# complete noob, advice needed



## krazypara3165 (5 Sep 2012)

Howdy, basically ive kept tropical fish in a 25l aquarium for a few years and now im embarking on a 200l project. im completely new to ferts and i want to keep things as simple as possible. the tank will be 200l with 2.2wpg (t5) will have a large variety of fish a 2000lph filter and heavily planted with amazon style plants. in an ideal work i would like a all in one fertilizer thats cheap and that i only need to dose once a week. however i know this is not possible (is it?) so whats the best compromise? i have NO knowledge of ferts whatsoever so treat me as if im a bit simple!

p.s forgot to mention i will have a F.E co2 system

cheers, Craig.


----------



## krazypara3165 (9 Sep 2012)

anyone?


----------



## darren636 (9 Sep 2012)

buy an ei starter kit from aquarium plant food uk. dosing once a week will not work in your high tech set up. i mean, you will feed the fish every day, so feed the plants too.


----------



## jamesb (9 Sep 2012)

If you look on aquariumplantfood.co.uk Jonny has an all in one fert that people get on well with.

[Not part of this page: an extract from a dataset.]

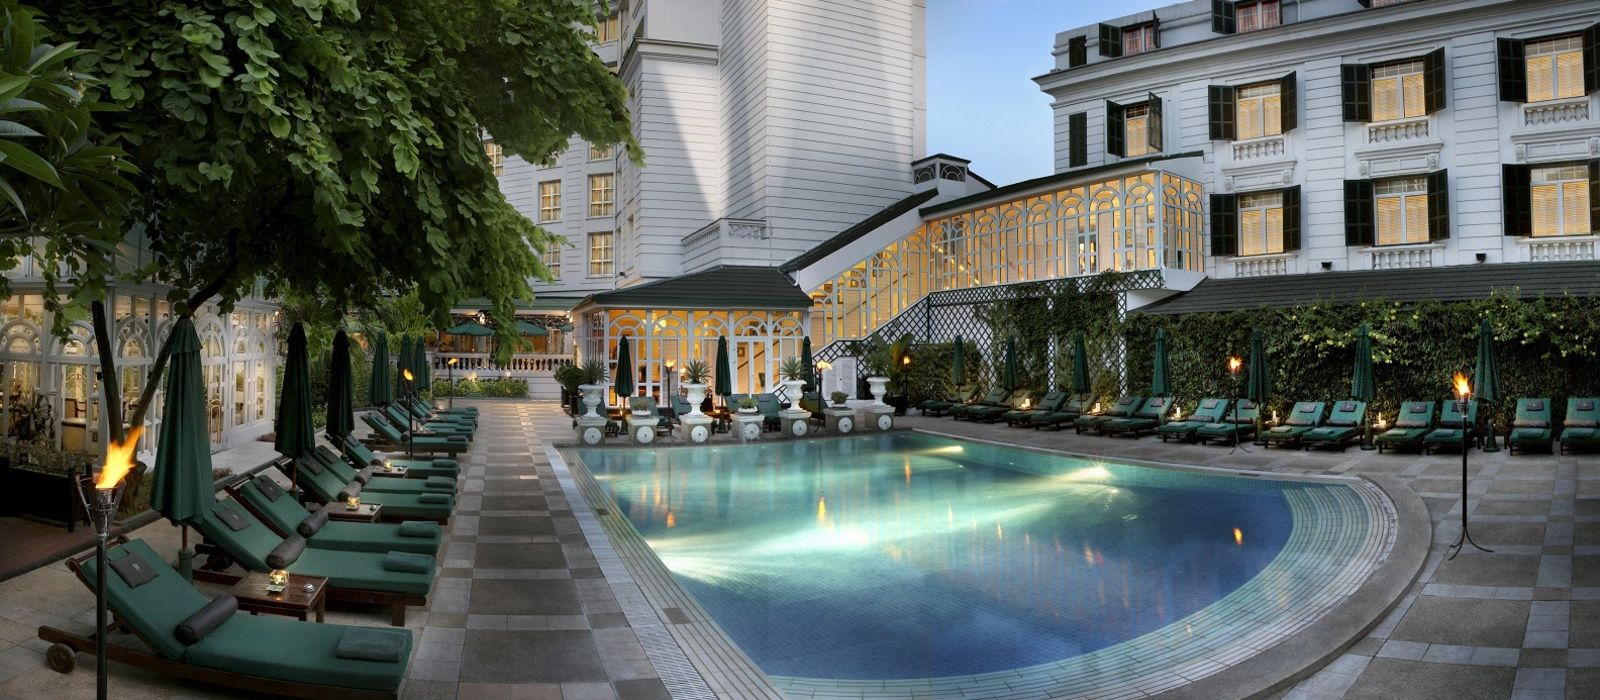 Hotel Sofitel Legend Metropol (Hanoi) Vietnam

You can get 10% off using code ukaps10. Alternatively it's a bit more work but a lot cheaper in the long run you could check out EI dosing


----------



## krazypara3165 (10 Sep 2012)

thanks, that e.i dosing kit sounds like what i need..... but i feel i may be in over my head. from what ive read so far i alternate days between micro and macro and have a rest day every week, but mixing quantities and dosing quantities vary with near enough every website :s


----------



## ian_m (10 Sep 2012)

krazypara3165 said:
			
		

> thanks, that e.i dosing kit sounds like what i need..... but i feel i may be in over my head. from what ive read so far i alternate days between micro and macro and have a rest day every week, but mixing quantities and dosing quantities vary with near enough every website :s


Buy the kit, instructions in the kit, follow instructions in mixing, quantities are in whole numbers of teaspoons, follow instructions in dosing and have a rest day in dosing if you remember. Rest day is only so that you does 3 macro and 3 micro in a week and possibly not waste a "dose" in you weekly water change.

I kept on forgetting my rest day and just dosed, plants didn't seem to care.


----------



## krazypara3165 (10 Sep 2012)

ahhhhhh excellent! i feel a lot better about doing this now! would it be worthwhile using root tabs as well. Also ive always used carbon filtration, is it still ok using this or is it best to remove?


----------



## darren636 (10 Sep 2012)

carbon is ok. Root tabs are ok too.


----------



## krazypara3165 (10 Sep 2012)

cheers for the help guys! im going from a 25l to a 200l tank so originally thought this was going to be way way over my head...... its nice to finally have a plan and an idea of what needs to be done!


----------



## darren636 (10 Sep 2012)

do some reading of peoples journals here, after a while you get a grip on things.


----------



## CeeJay (12 Sep 2012)

Hi all


			
				krazypara3165 said:
			
		

> im going from a 25l to a 200l tank so originally thought this was going to be way way over my head......


You will probably find the larger tank easier to keep everything more stable in the bigger volume of water. When small tanks go wrong, they go wrong very quickly.
Good luck with your new project.


----------



## Iain Sutherland (12 Sep 2012)

good calculator here, devised with the help of clive i believe.  Very easy, using spoons not grams for ease and just throw them in the top of the tank dry.    

http://blog.fluidsensoronline.com/calcu ... ive-index/


----------



## krazypara3165 (13 Sep 2012)

Superb!! Exactly what im looking for!!!!


----------